Now, we set the derivative equal to zero and solve for $ \theta $ to find the minimizing value of $ \theta $ as before:

$$ \begin{aligned} -\frac{2}{n} \sum_{i = 1}^{n} (y_i - \theta) &= 0 \\ \sum_{i = 1}^{n} (y_i - \theta) &= 0 \\ \sum_{i = 1}^{n} y_i - \sum_{i = 1}^{n} \theta &= 0 \\ \sum_{i = 1}^{n} \theta &= \sum_{i = 1}^{n} y_i \\ n \cdot \theta &= y_1 + \ldots + y_n \\ \theta &= \frac{y_1 + \ldots + y_n}{n} \\ \hat \theta = \theta &= \text{mean} (\textbf{y}) \end{aligned} $$

Lo and behold, we see that there is a single value of $ \theta $ that gives the least MSE no matter what the dataset is. For the mean squared error, we know that $ \hat{\theta} $ is the mean of the dataset values.

Back to the Original Dataset¶

We no longer have to test out different values of $ \theta $ as we did before. We can compute the mean tip percentage in one go:

Summary¶

We have introduced a constant model, a model that outputs the same number for all entries in the dataset.

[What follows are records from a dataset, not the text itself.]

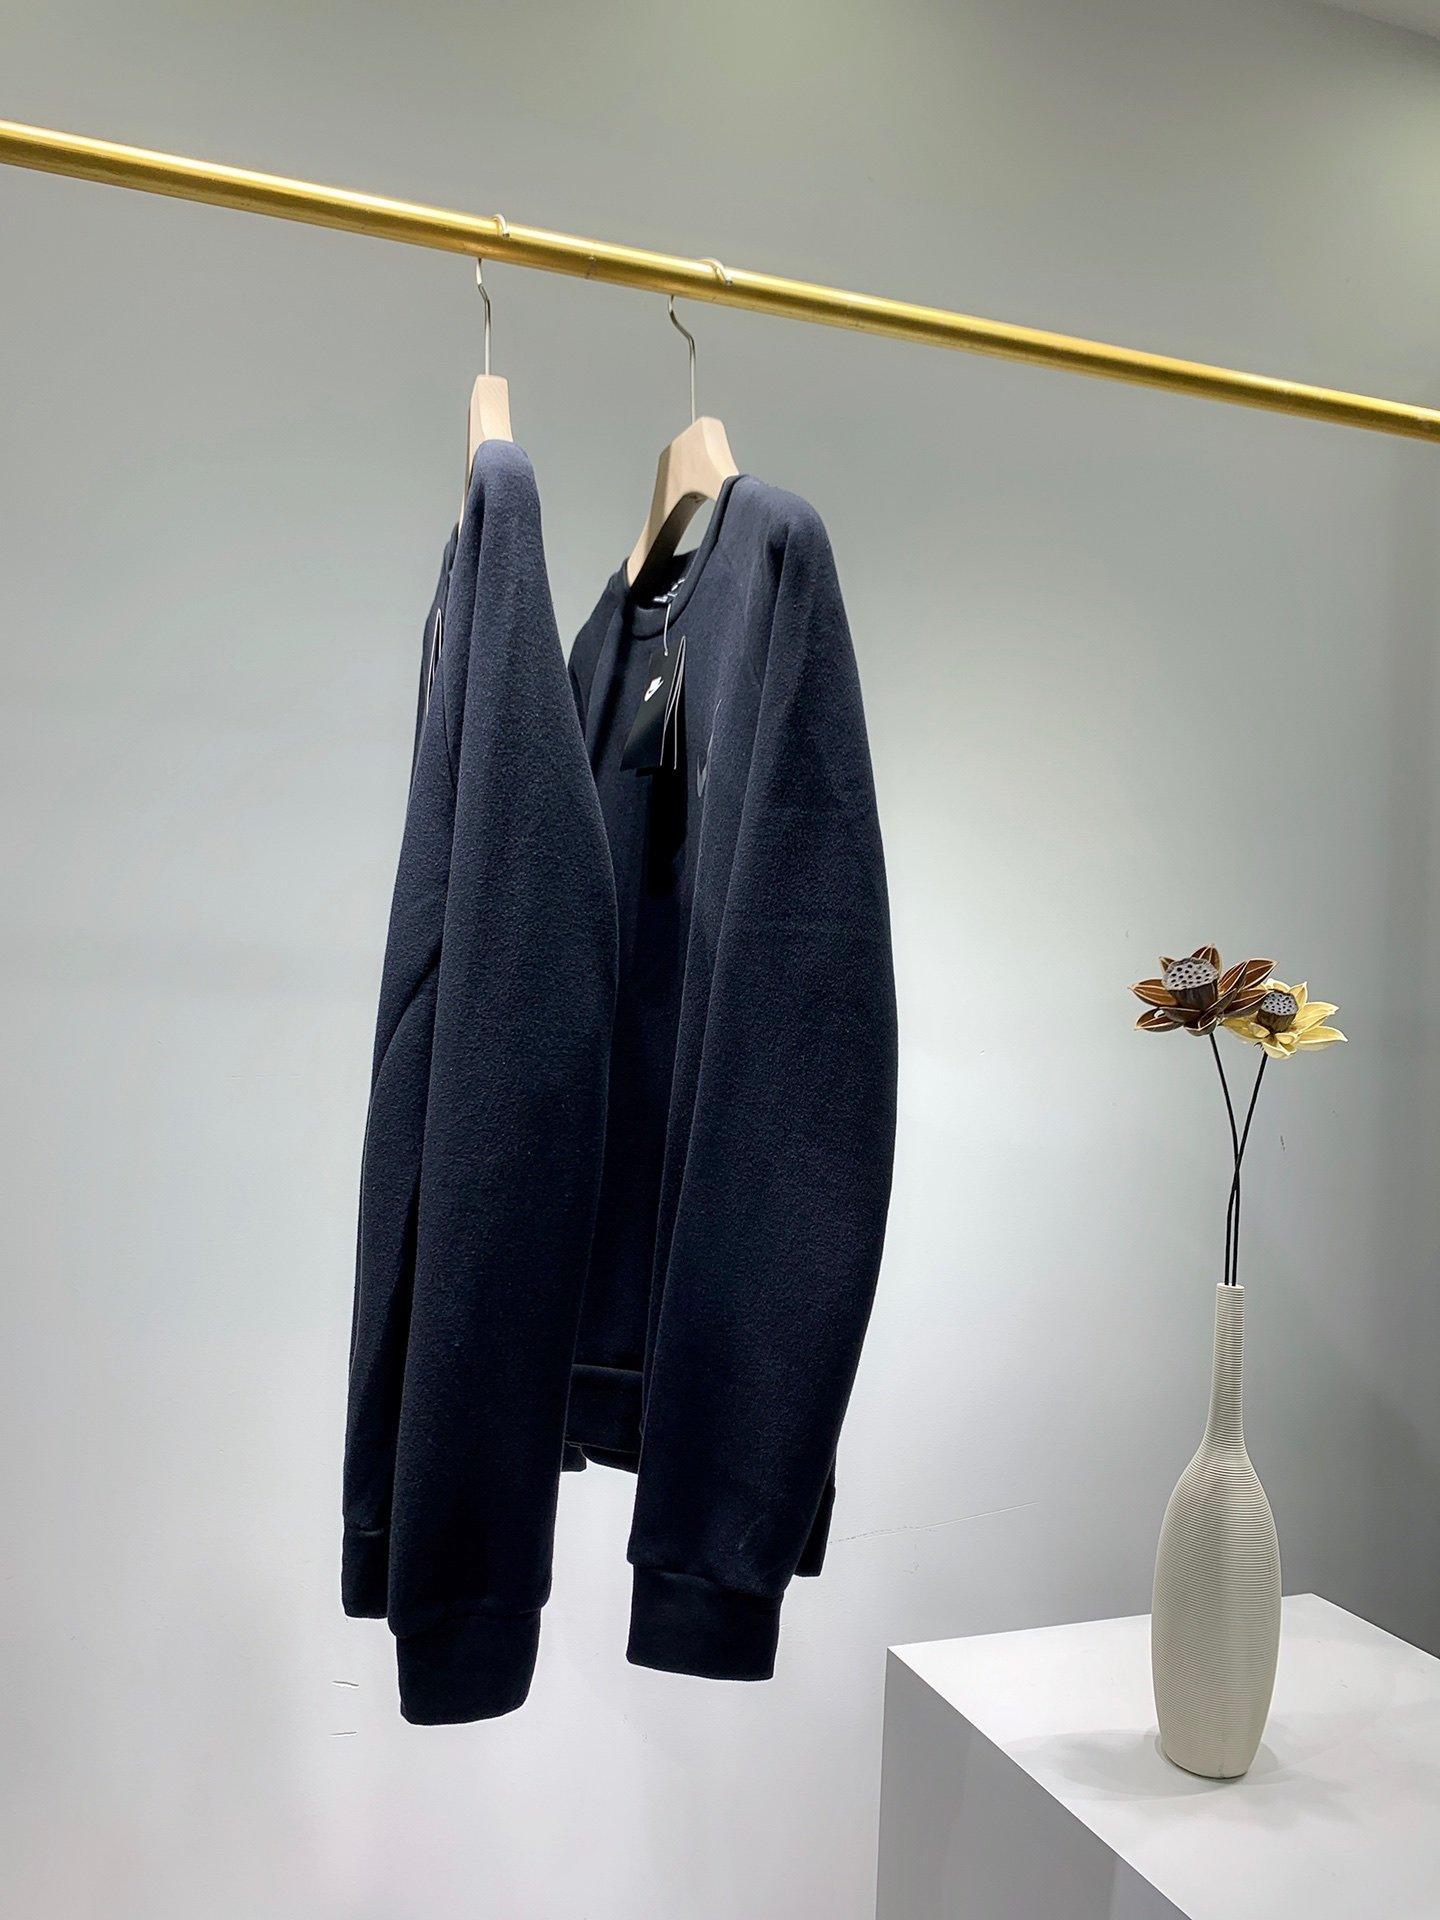 2020 Hommes Pull Fashion Tendance coton Tissu col rond Slim confortable équipée Coffre imprimé Tout-match Pulls pour hommes et femmes
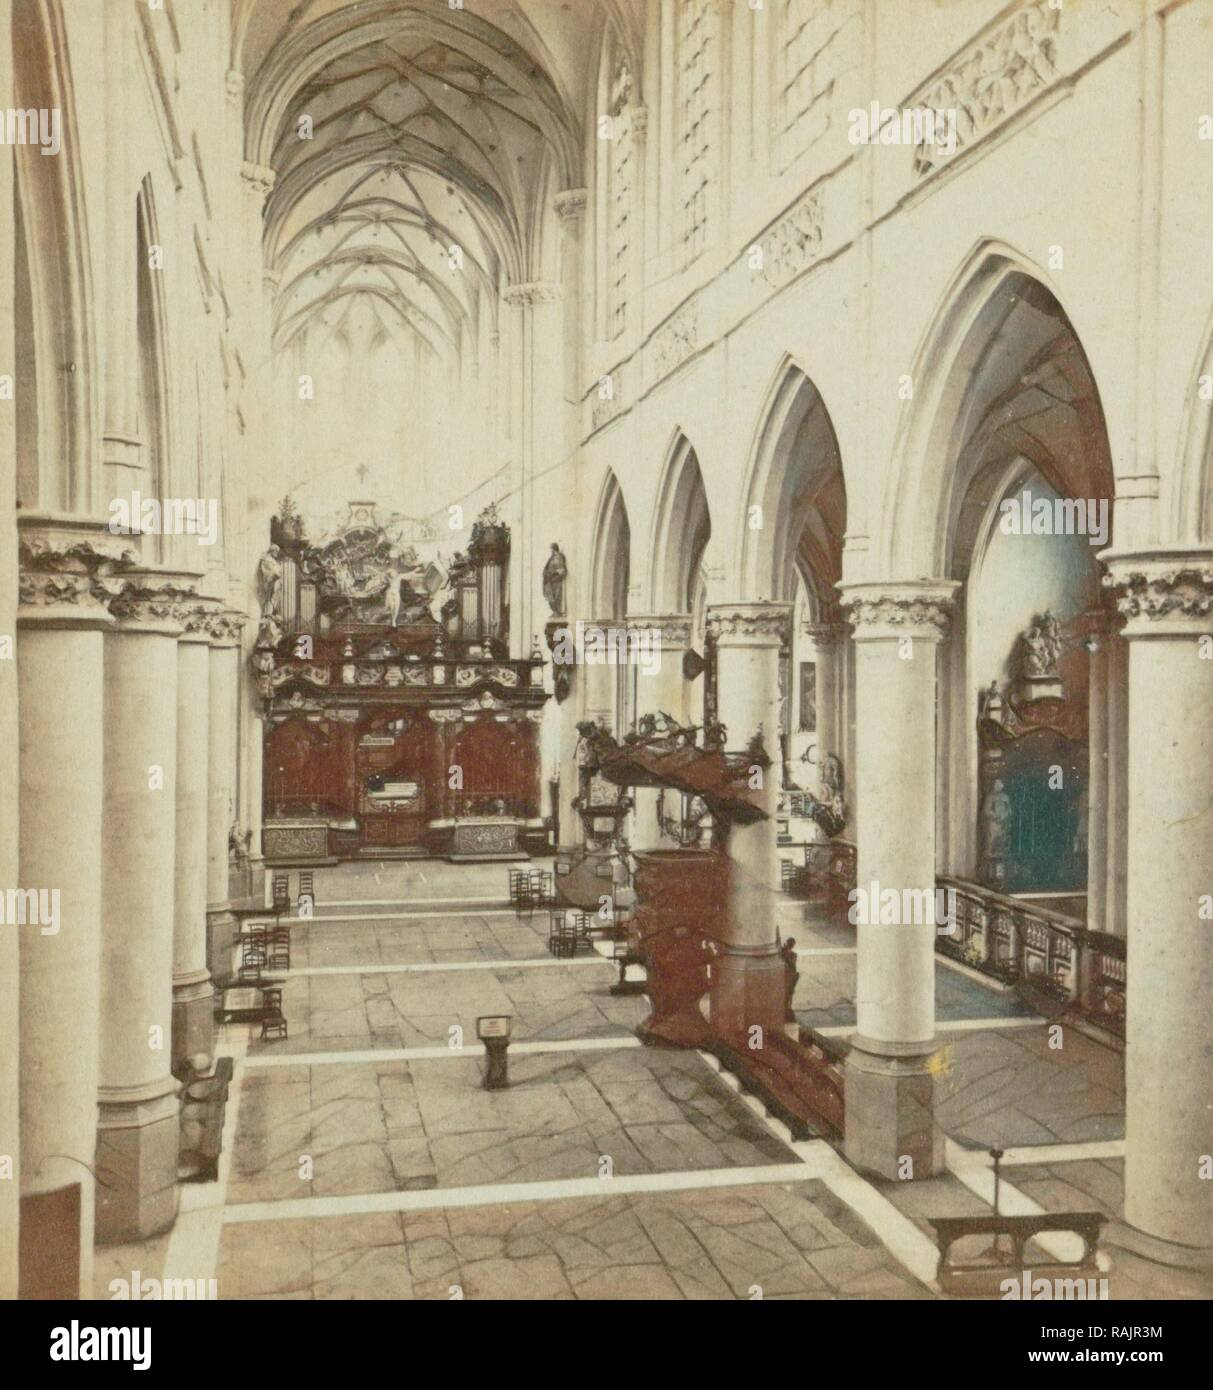 Liege, L'Eglise Saint-Jacques, vue interieure prise de l'orgue. Jules Queval, 1860 - 1880. Reimagined - Stock Image
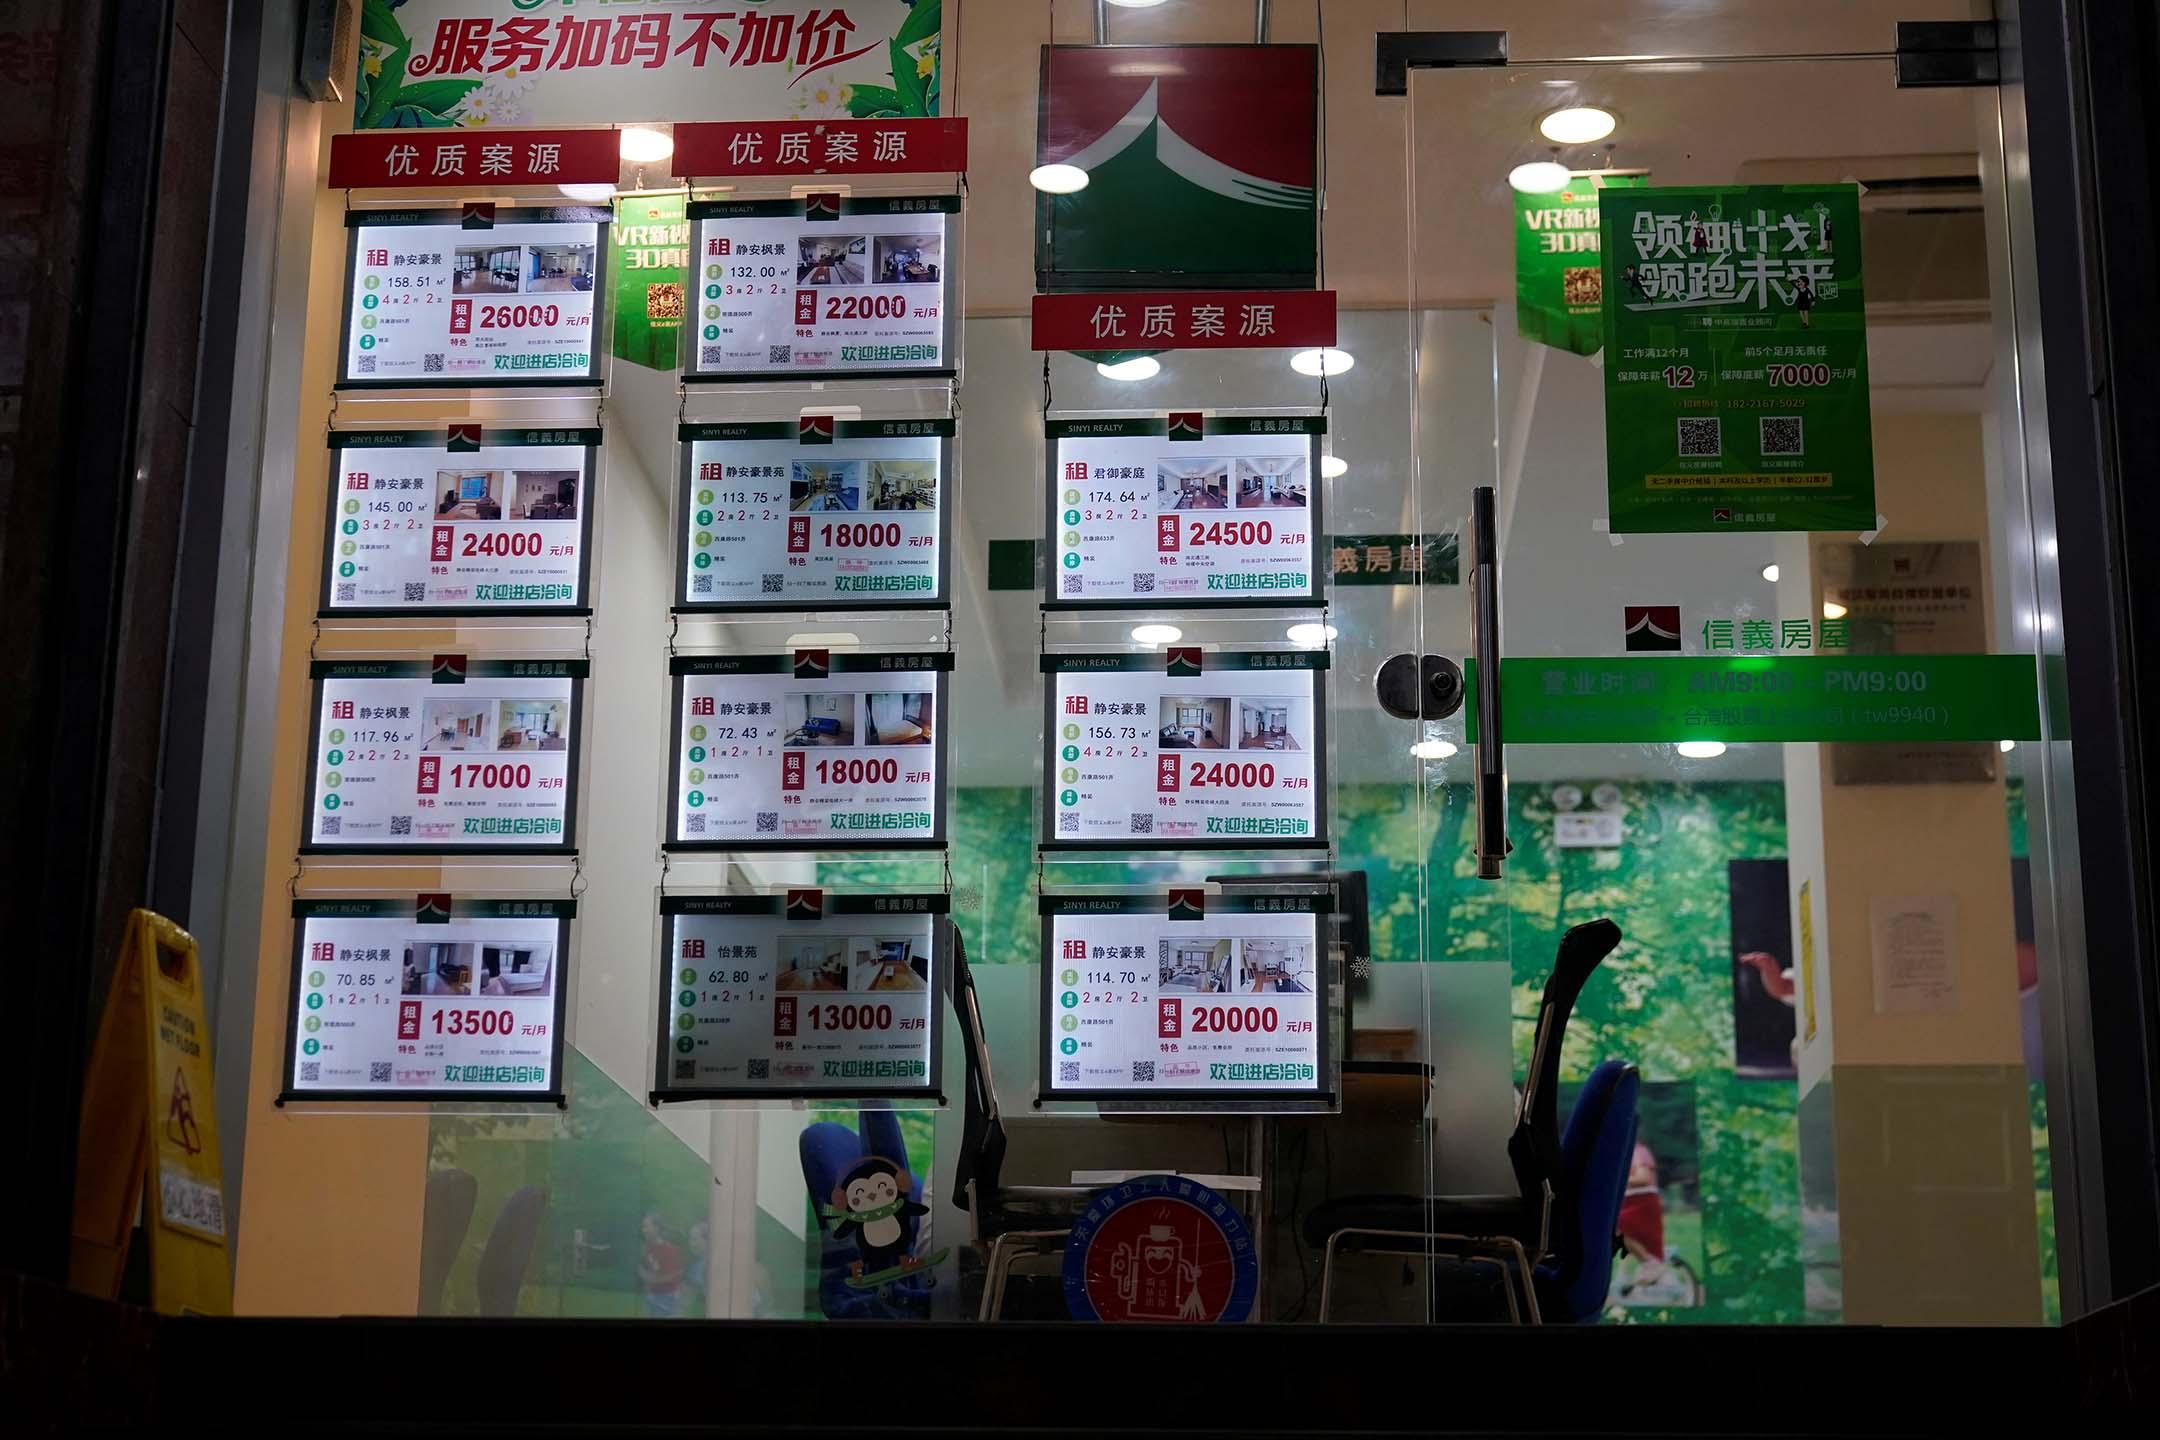 2020年8月11日中國上海,一個房地產經紀公司的櫥窗。

A loss function $ L(\theta, \textbf{y}) $ measures how well a given value of $ \theta $ fits the data. In this section, we introduce the mean squared error loss function and showed that $ \hat{\theta} = \text{mean}(\textbf{y}) $ for the constant model.

The steps we took in this section apply to many modeling scenarios:

1. Select a model.
2. Select a loss function.
3. Fit the model by minimizing the loss.

In this book, all of our modeling techniques expand upon one or more of these steps. We introduce new models (1), new loss functions (2), and new techniques for minimizing loss (3).